_Dataset excerpts_
....

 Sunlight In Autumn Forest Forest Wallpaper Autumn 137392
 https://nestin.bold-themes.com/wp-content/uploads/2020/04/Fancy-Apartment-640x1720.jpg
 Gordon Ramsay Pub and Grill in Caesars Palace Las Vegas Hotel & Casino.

....

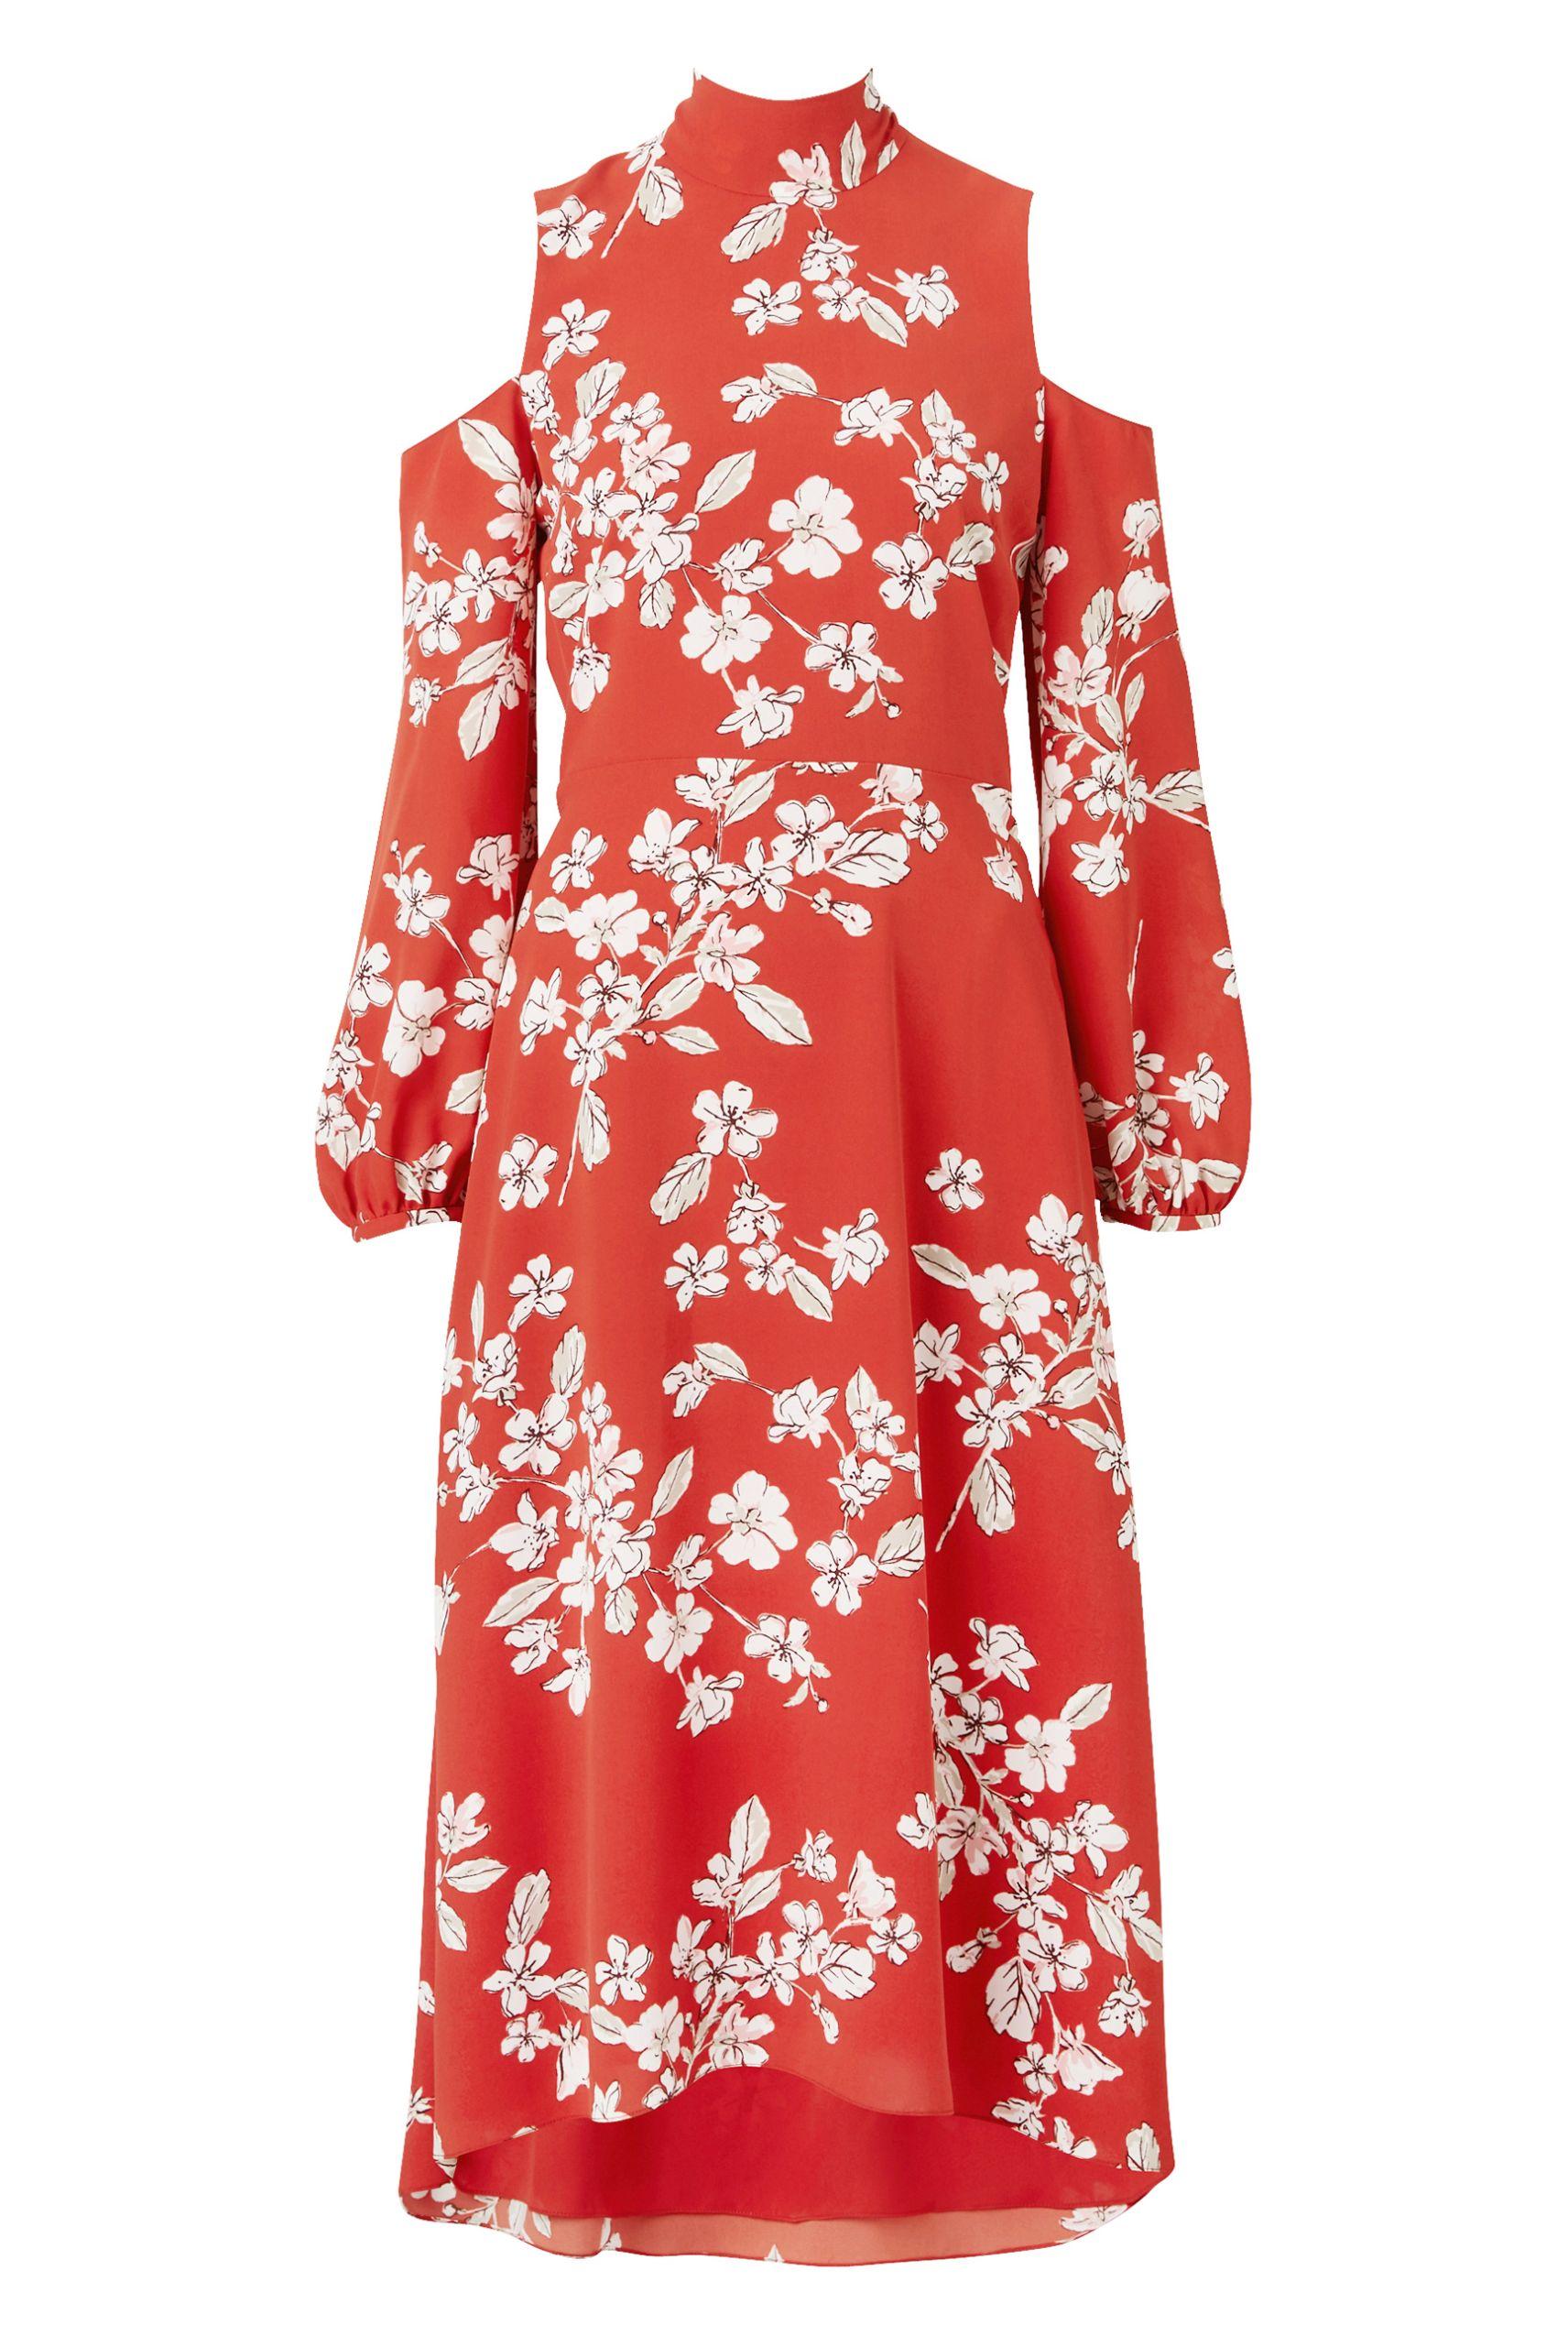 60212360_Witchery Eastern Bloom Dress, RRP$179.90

....

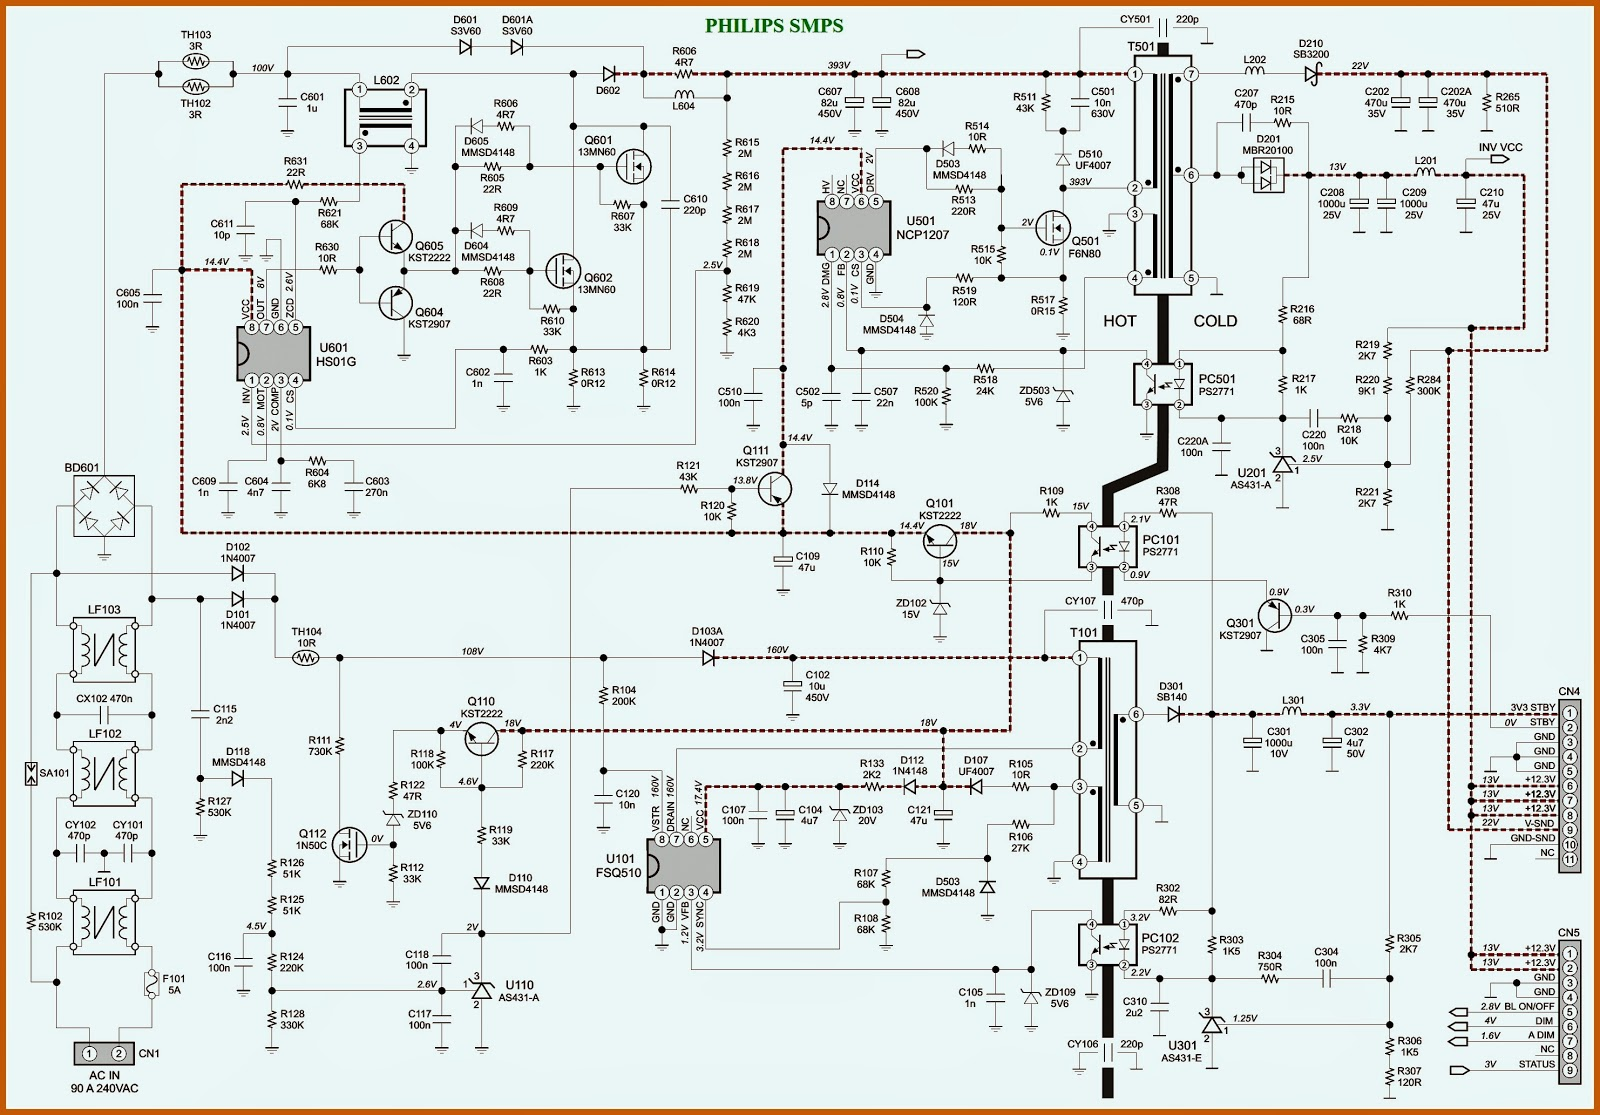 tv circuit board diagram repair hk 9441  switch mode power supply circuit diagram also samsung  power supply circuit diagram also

....

_Task to carry out_
Take the stretch of lines above from the one containing "Sunlight In Autumn" through the one containing "Gordon Ramsay Pub" and repeat it exactly, adding no other line.

_Result_
 Sunlight In Autumn Forest Forest Wallpaper Autumn 137392
 https://nestin.bold-themes.com/wp-content/uploads/2020/04/Fancy-Apartment-640x1720.jpg
 Gordon Ramsay Pub and Grill in Caesars Palace Las Vegas Hotel & Casino.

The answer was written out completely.